I'm creating a MCTS (Monte Carlo Tree Search) program for a 2 player game.
For this I create nodes in the tree, from alternating perspectives (the first node is from the perspective of player 1, any child nodes are from the perspective of player 2, etc.)
When determining the final move (after simulating many nodes) I pick the move that has the highest win chance. This win chance depends on the win chance in deeper nodes. For example assume I have 2 legal moves to make. For the first (call the associated node C1 - Child 1) I have done 100 simulations and won 25, while for the second (C2) I did 100 simulations and won 50. Then the first node has a win chance of 25% versus 50% for the second, so I should prefer the second node.

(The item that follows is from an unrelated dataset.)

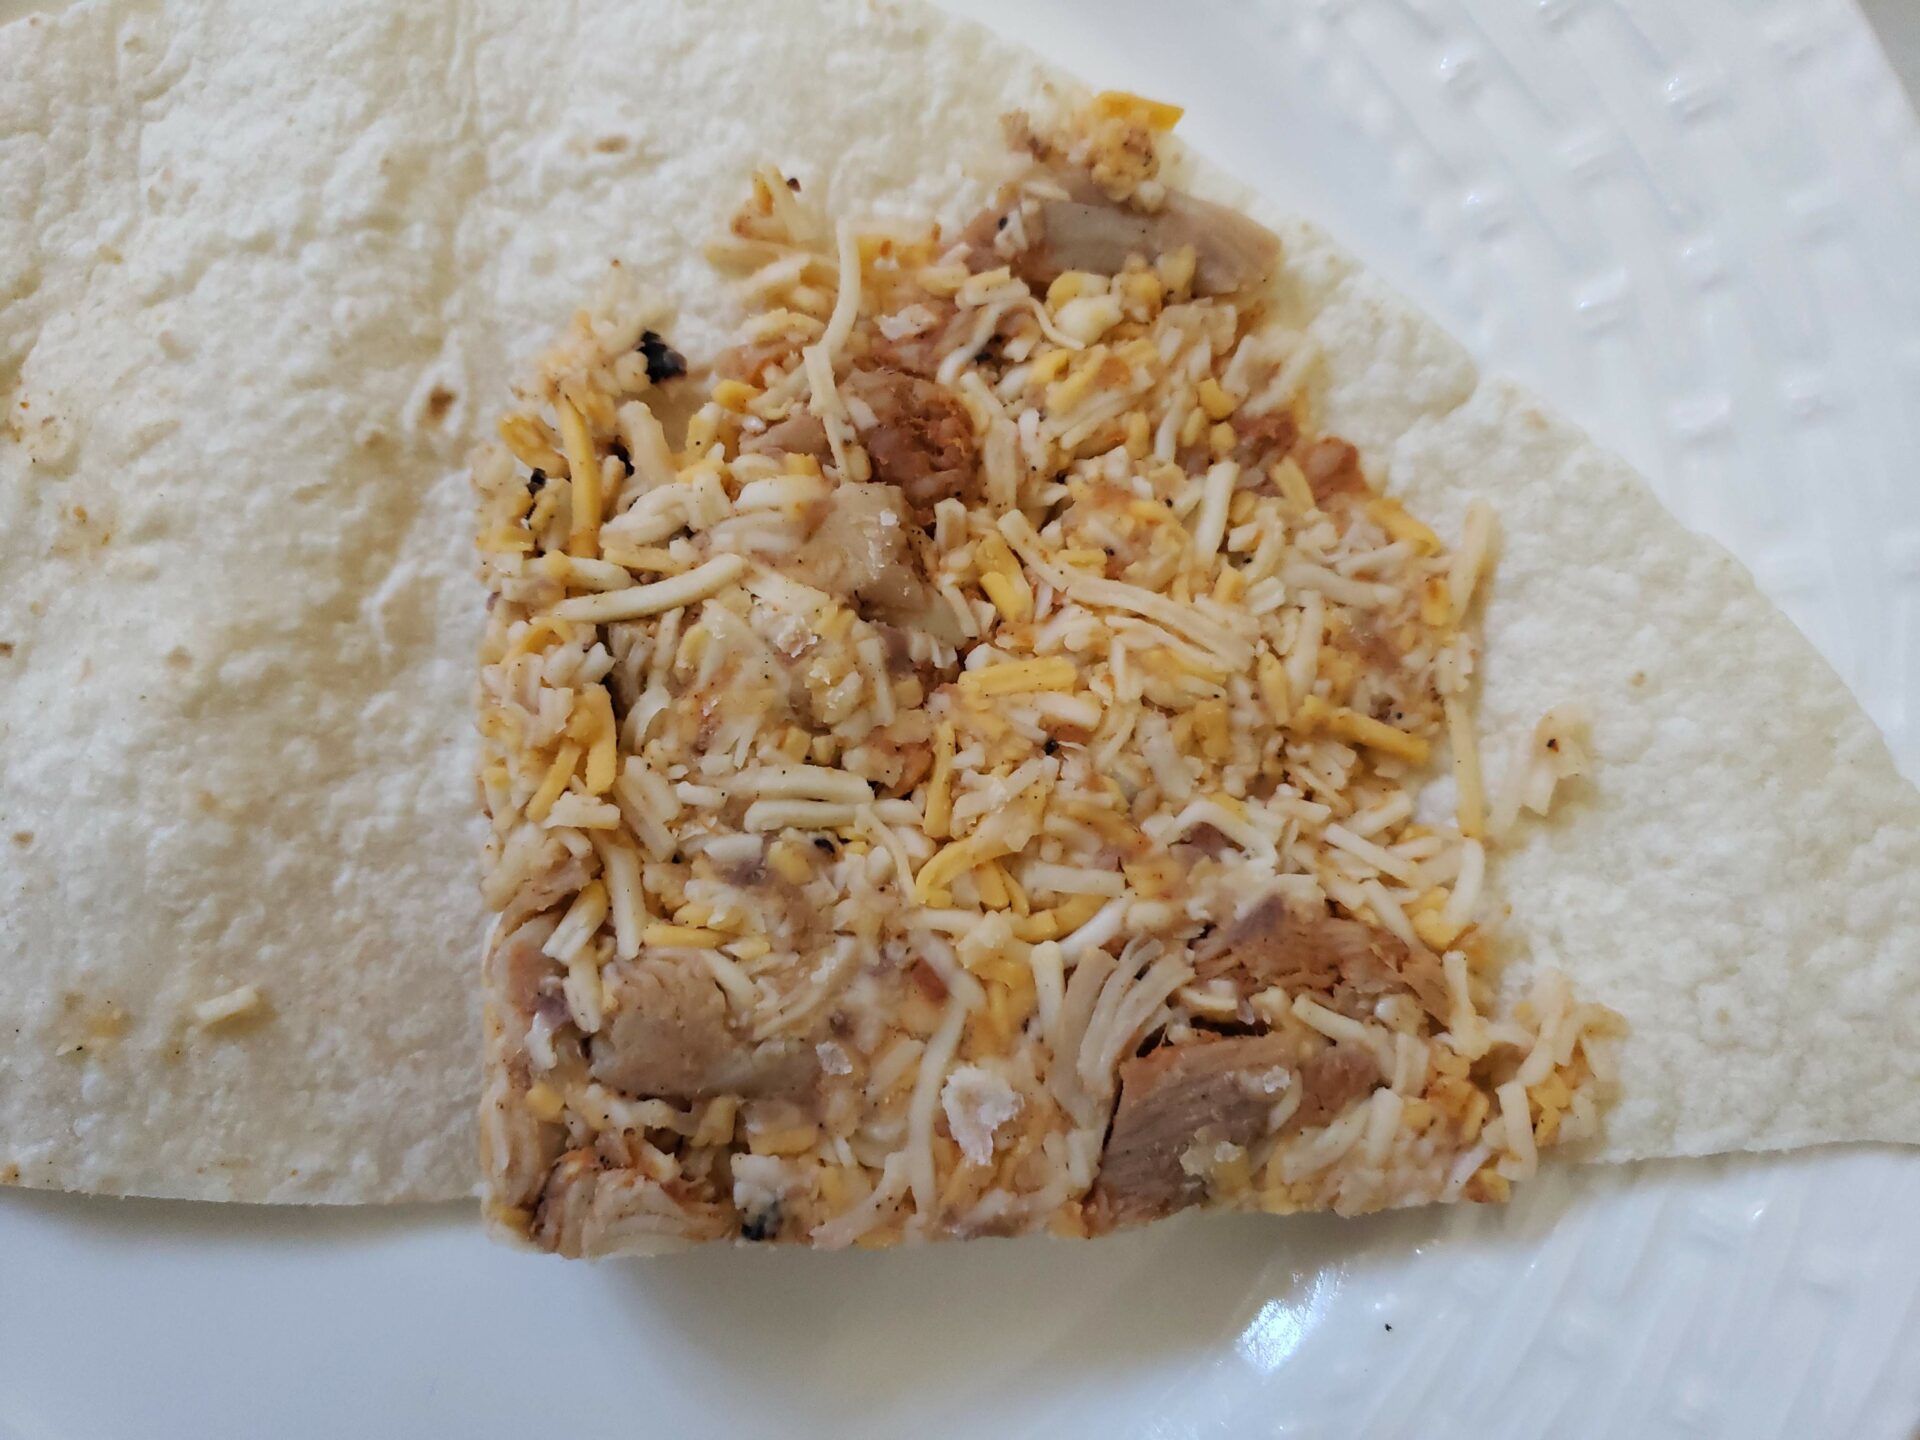 Uncooked-Quesadilla-Filling-from-Costco

However, this does not take into account the "likely" moves that my opponent will make. Assume that from C2 there are two possible legal moves (for my opponent), lets call these C21 and C22. I did 50 simulations for both and in C21 my opponent won 50 games out of 50 (100% win chance) and in C22 they won 0 out of 50 (0% win chance). Having done these simulations I can see that it is much more likely that my opponent will take move C21 and not C22. That means that if I take move C2, then my -statistical- win chance is 50%, but my -expected- win chance is close to 0%.

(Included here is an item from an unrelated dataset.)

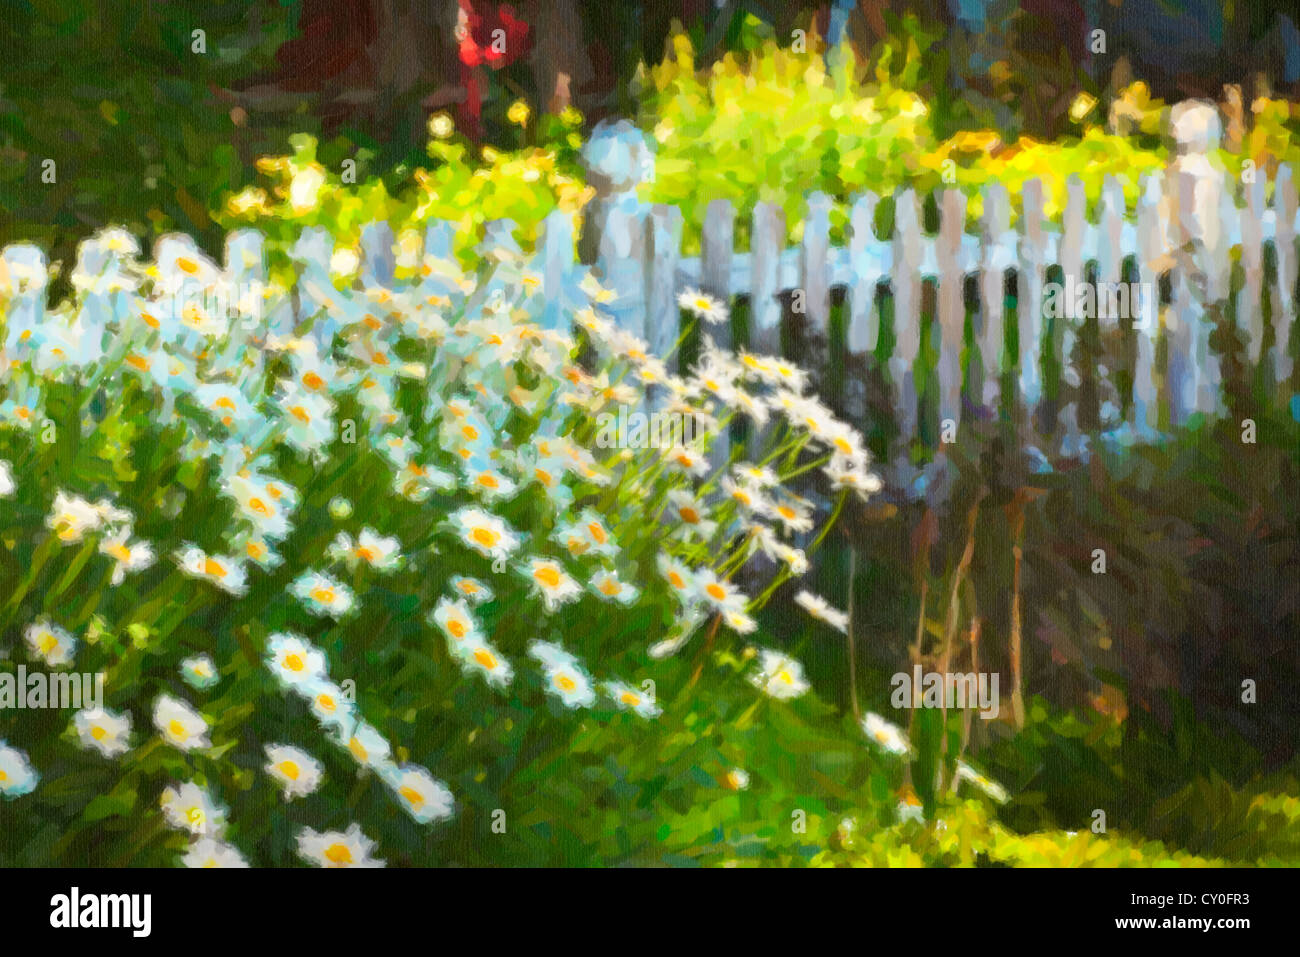 Shasta daisies in front of a white picket fence in the summertime garden. Stock Photo

Taking into account this information I would select move C1 and not C2, even though the -statistical- chance of winning is lower. And I could program my algorithm to do exactly this, improving the performance.
This seems like a very obvious improvement for the MCTS algorithm, but I have not seen any reference to it, which makes me suspect that I'm missing something essential.
Can anybody point out the flaw in my reasoning or point me to any articles that deal with this?